◆ TASK ITEM ◆
Repeat the data that follows verbatim. Images are not part of the copy.

(Dataset records)
□ □ □
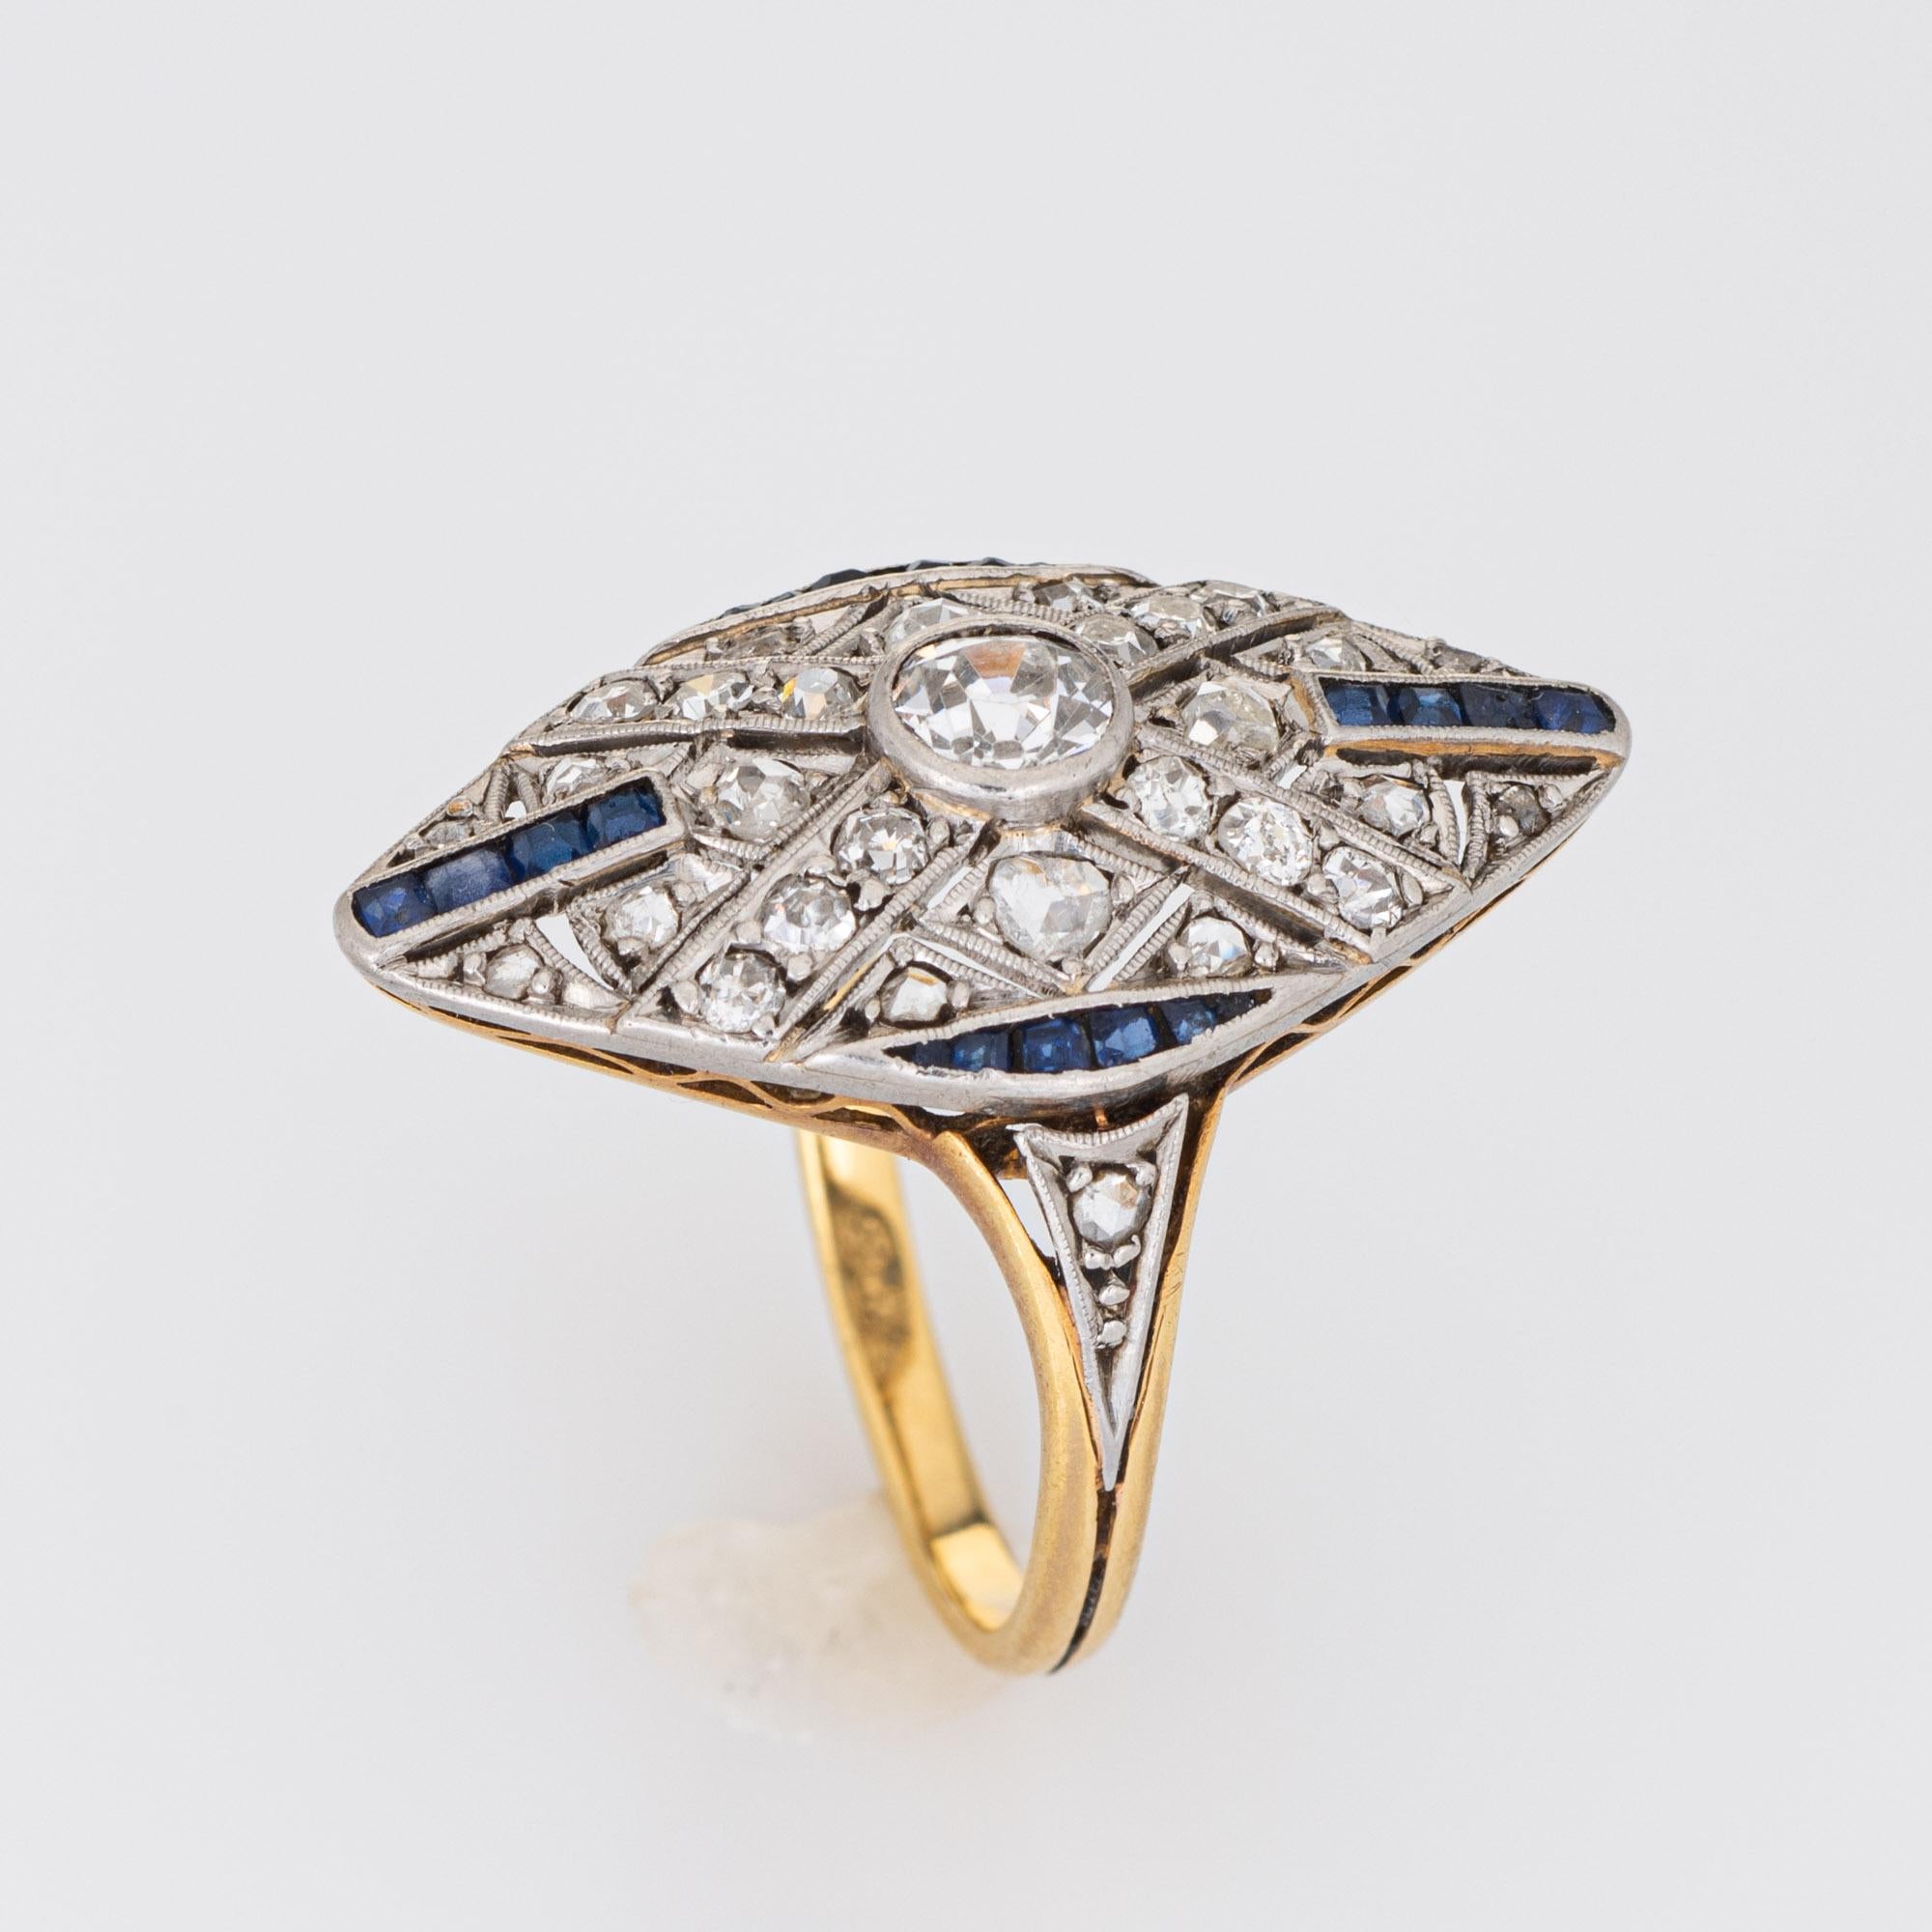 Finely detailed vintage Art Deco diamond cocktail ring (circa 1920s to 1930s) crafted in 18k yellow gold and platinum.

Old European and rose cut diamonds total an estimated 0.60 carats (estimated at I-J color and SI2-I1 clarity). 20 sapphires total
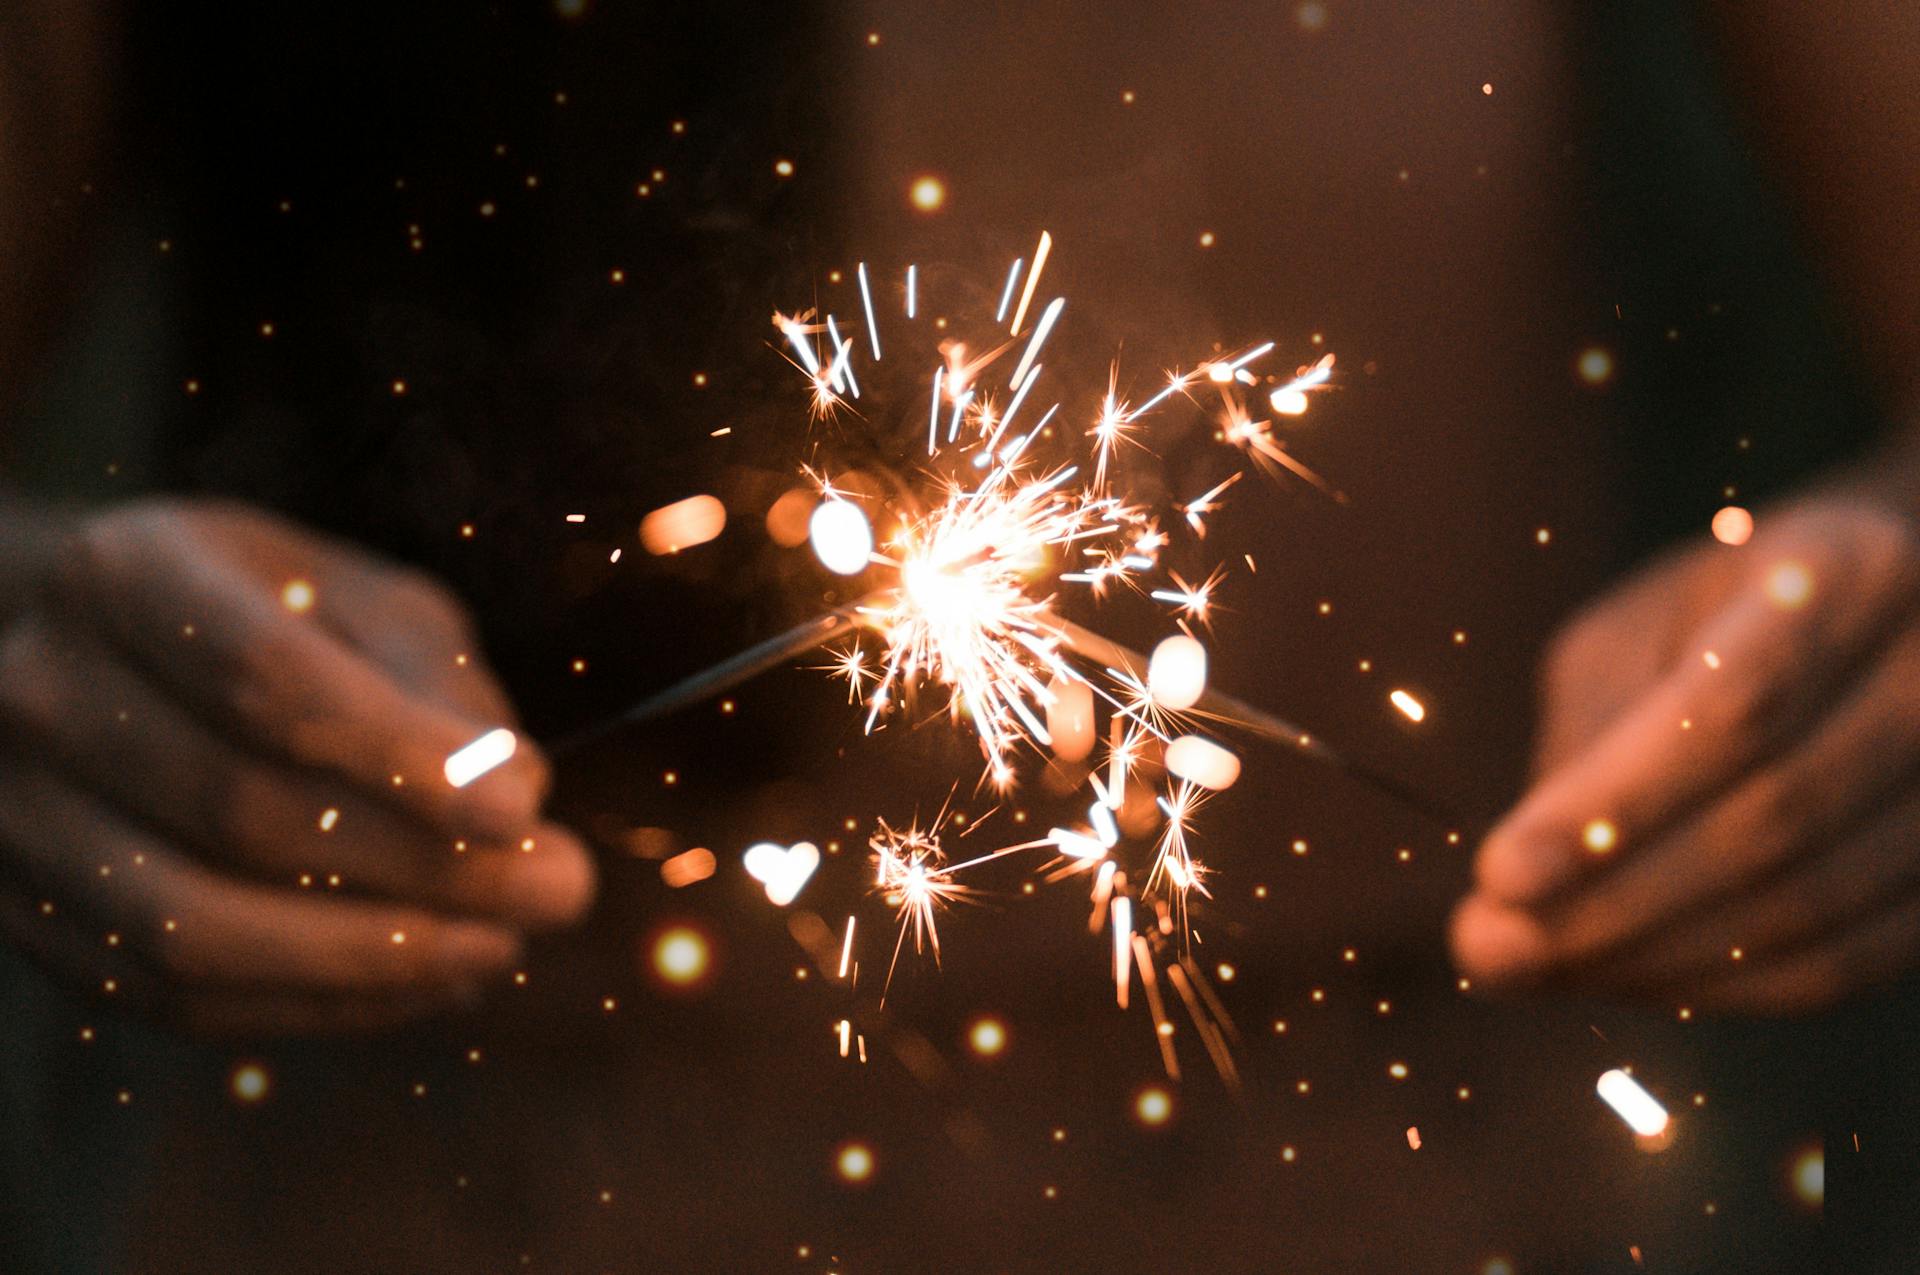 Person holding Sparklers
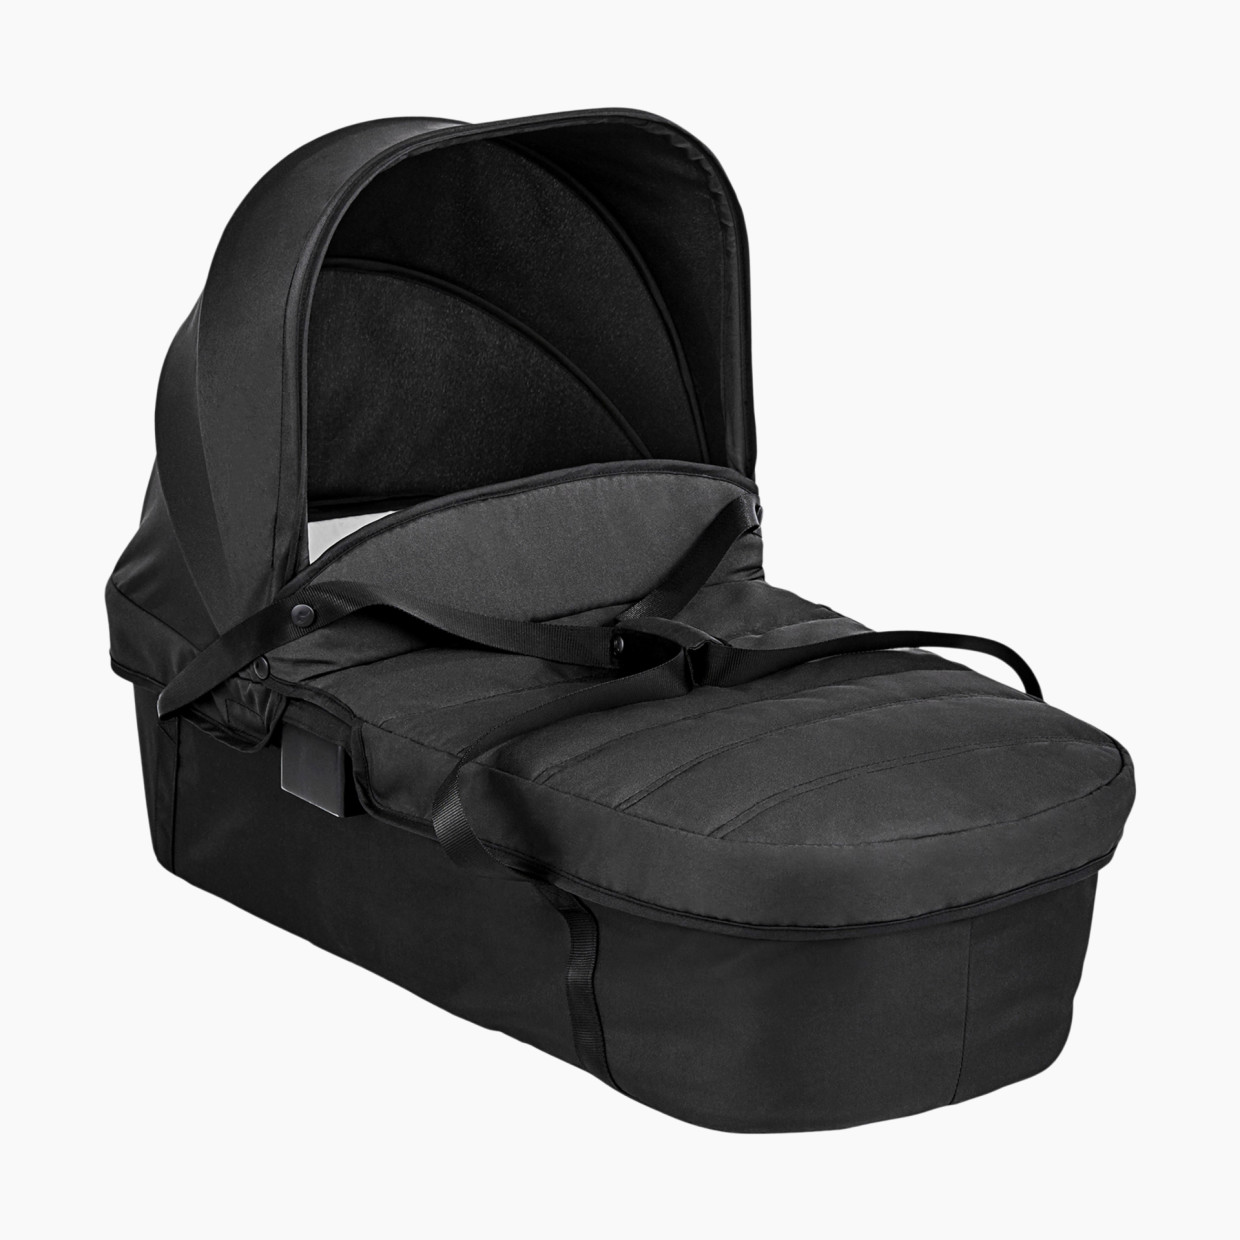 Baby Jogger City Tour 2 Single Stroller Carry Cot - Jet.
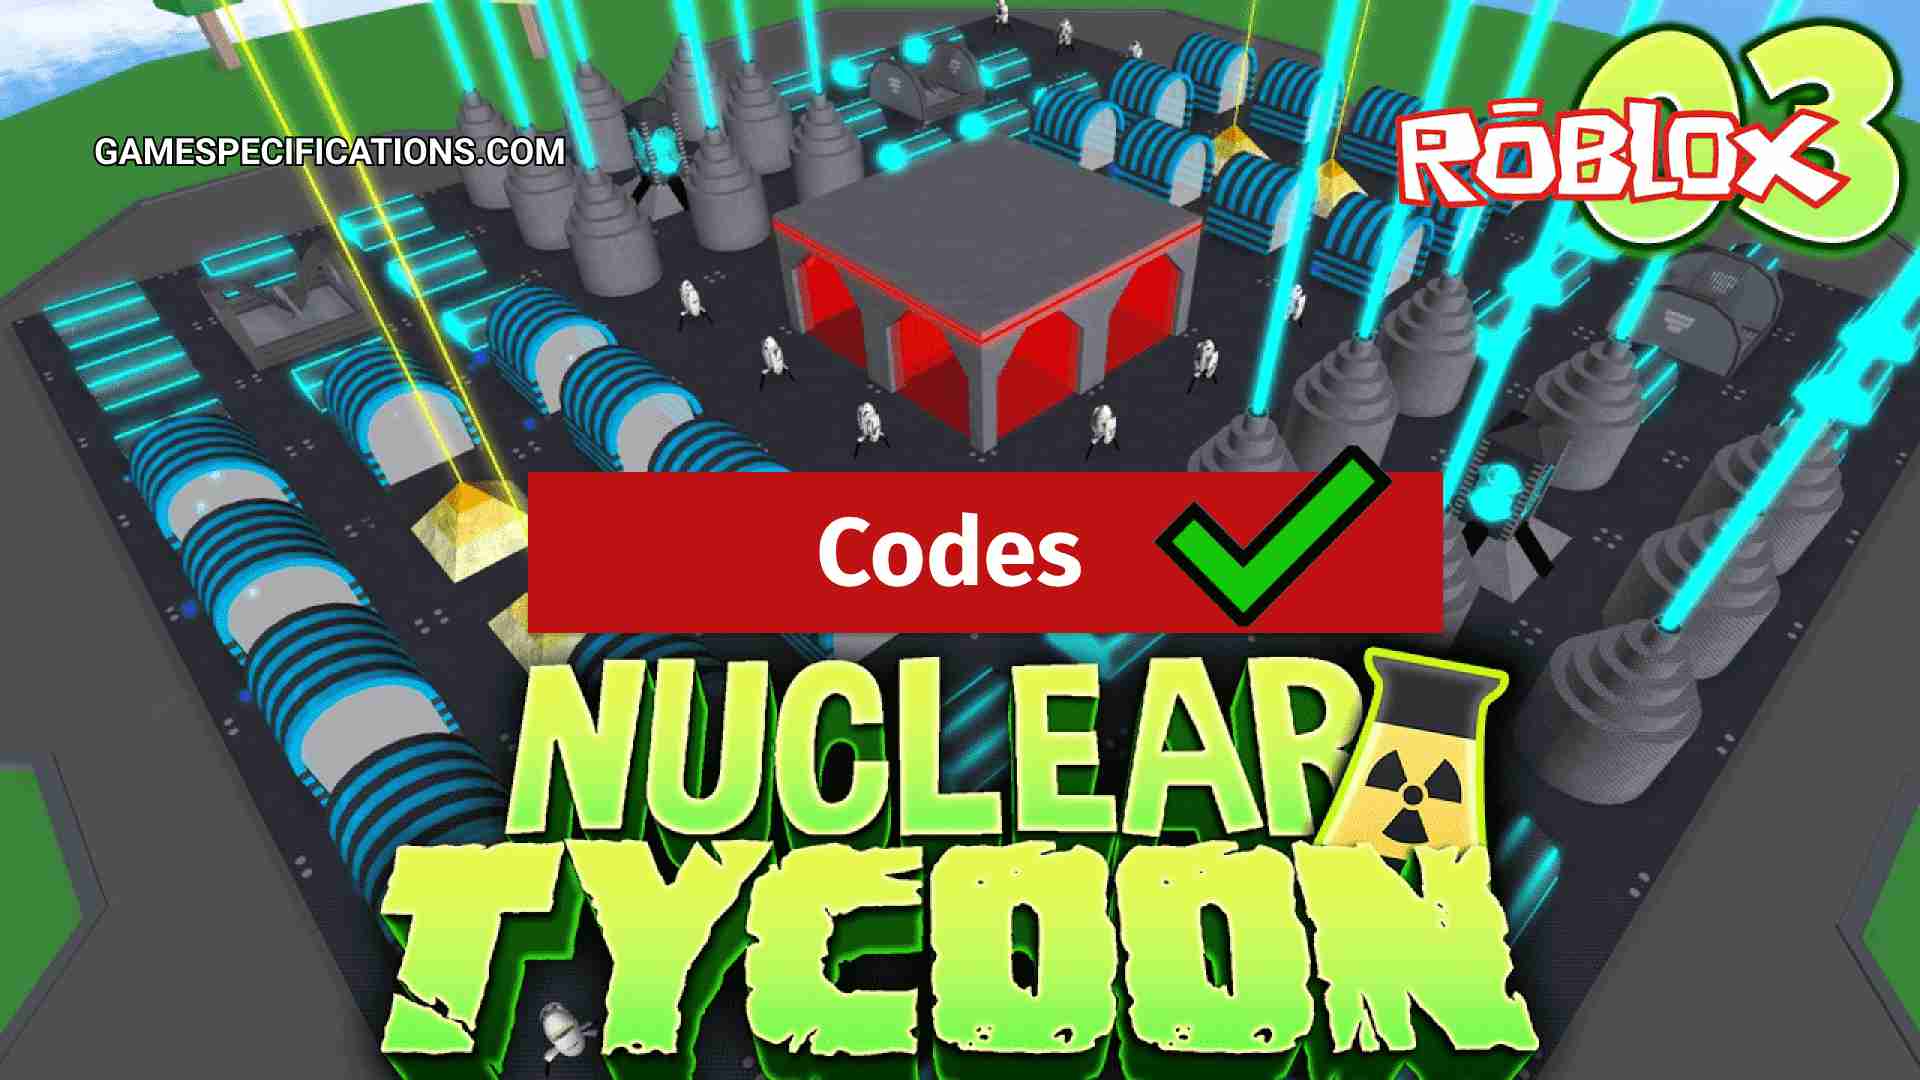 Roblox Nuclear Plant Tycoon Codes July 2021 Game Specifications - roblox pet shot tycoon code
□ □ □
◆ EXERCISE OUTPUT ◆
 Finely detailed vintage Art Deco diamond cocktail ring (circa 1920s to 1930s) crafted in 18k yellow gold and platinum.

Old European and rose cut diamonds total an estimated 0.60 carats (estimated at I-J color and SI2-I1 clarity). 20 sapphires total
 Person holding Sparklers
 Baby Jogger City Tour 2 Single Stroller Carry Cot - Jet.
 Roblox Nuclear Plant Tycoon Codes July 2021 Game Specifications - roblox pet shot tycoon code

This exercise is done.